Wednesday, January 28, 2015

The long goodbye


charcoal and conte crayon
The continuous dry ground from summer into winter is a bonus for outdoor sketching; Pyrrhic advantage. I returned with charcoal to the dying pines on the Ridge Trail nearby. I take pics or draw ‘em. Their dying is such a long process! They are stark, magnificent --yet hard to identify with as a role model for dying. It's not Hollywood's one big bad scene, it's a years-long indignity, visible from all sides of the ridge. Bark slips off at a near-geologic pace. A broken limb catches on its ailing neighbor. Eventually the neighbor goes down.
Last year, I hung several of these trees’ portraits downtown alongside portraits of the Palace Hotel: Wealth, two ways. SF architecture drawings sold; dead trees – not so much! Back to drawings of built space, happy customers, coordinated materials. The hired pen wants to wander. 

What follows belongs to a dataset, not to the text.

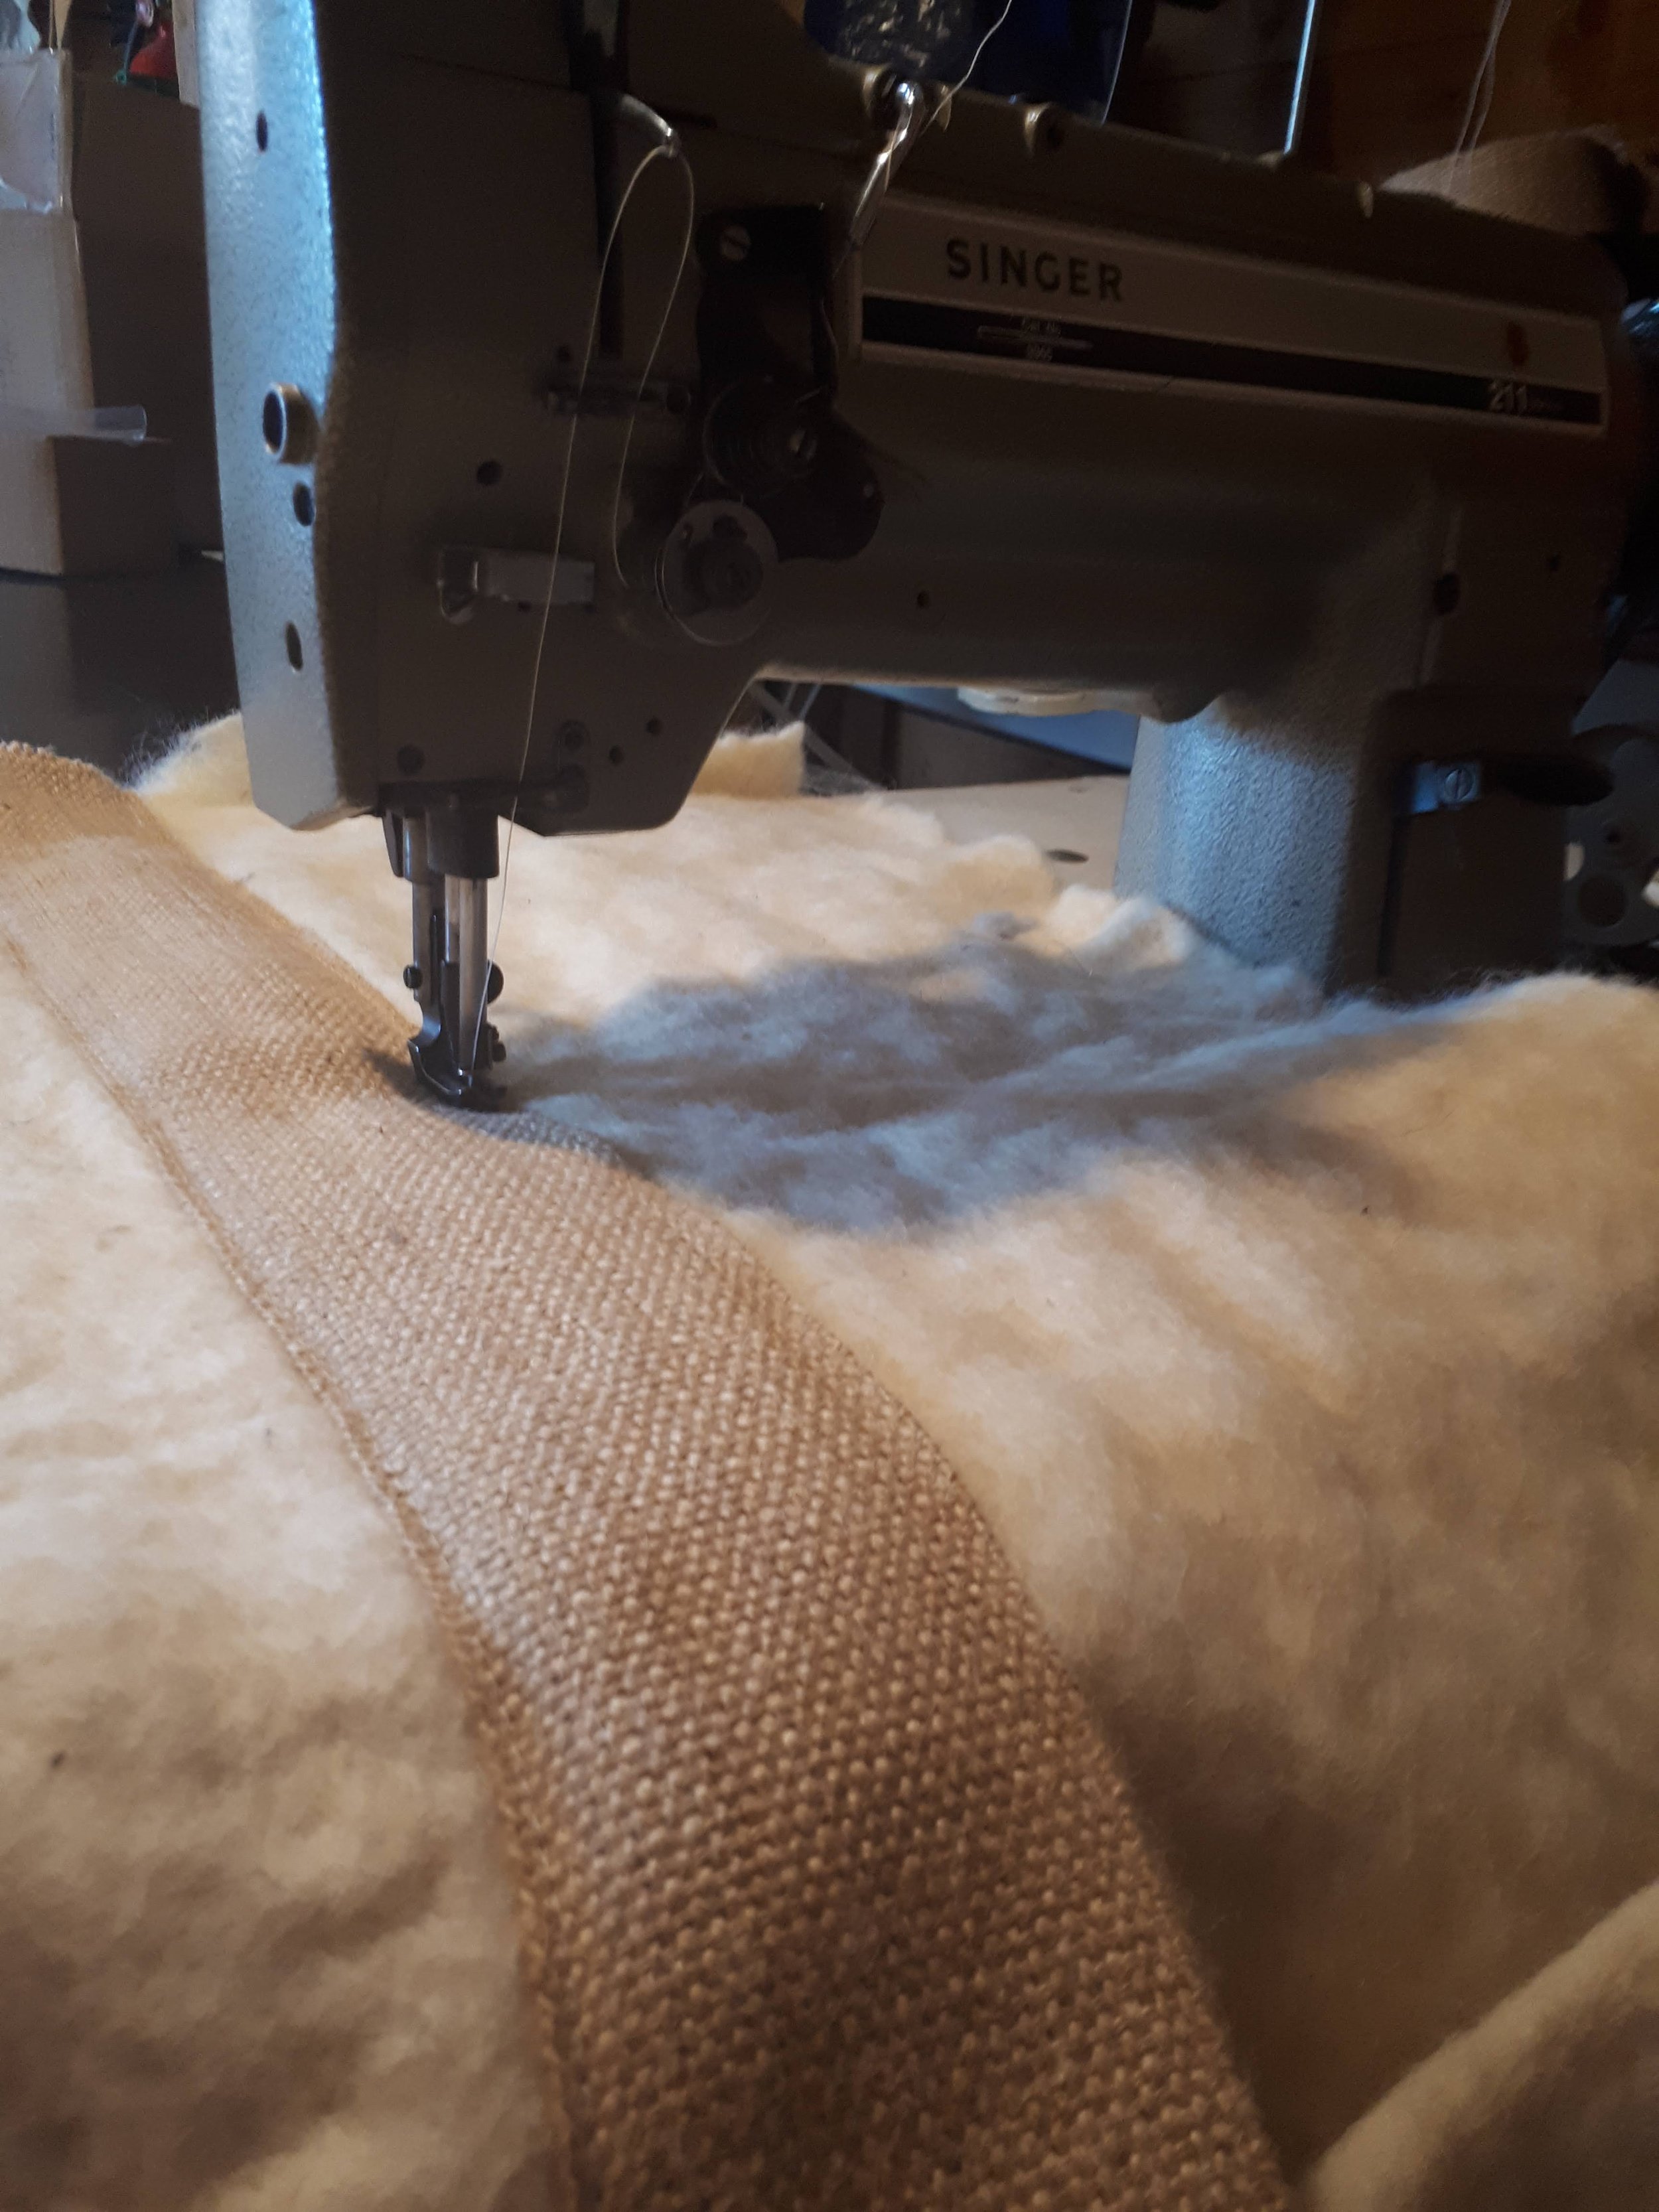 Feeling the warmth and softness of the wool whilst I sew is a real treat!
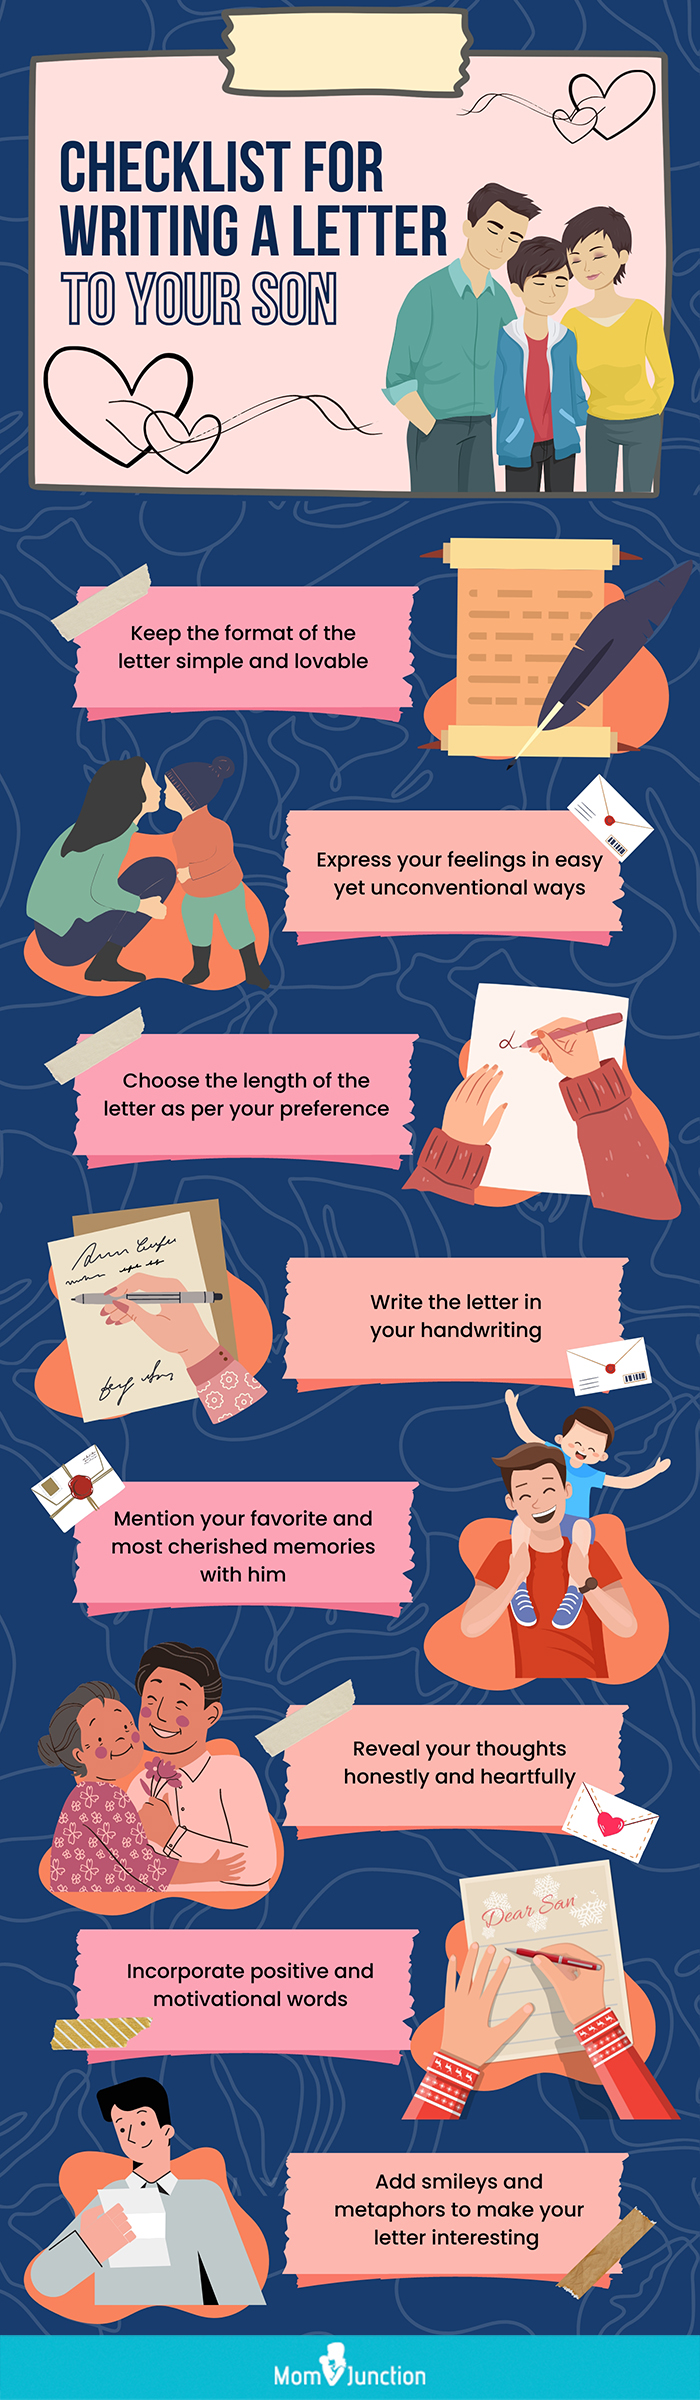 checklist for writing a letter to your son (infographic)

Wednesday, January 7, 2015

Not as Advertised


The weather reports said no snow, so it was unusually crowded for after-Xmas. Day-visitors in flip-flops. This is year #4 of drought. Yhe falls at Yosemite were reduced to a trickle this January, a glaze of frost on an adjacent ledge. NPS' foreign guests will post selfies of this and buy postcards of the falls the way they used to be. My plein air excursion happened, but what a sorry sight.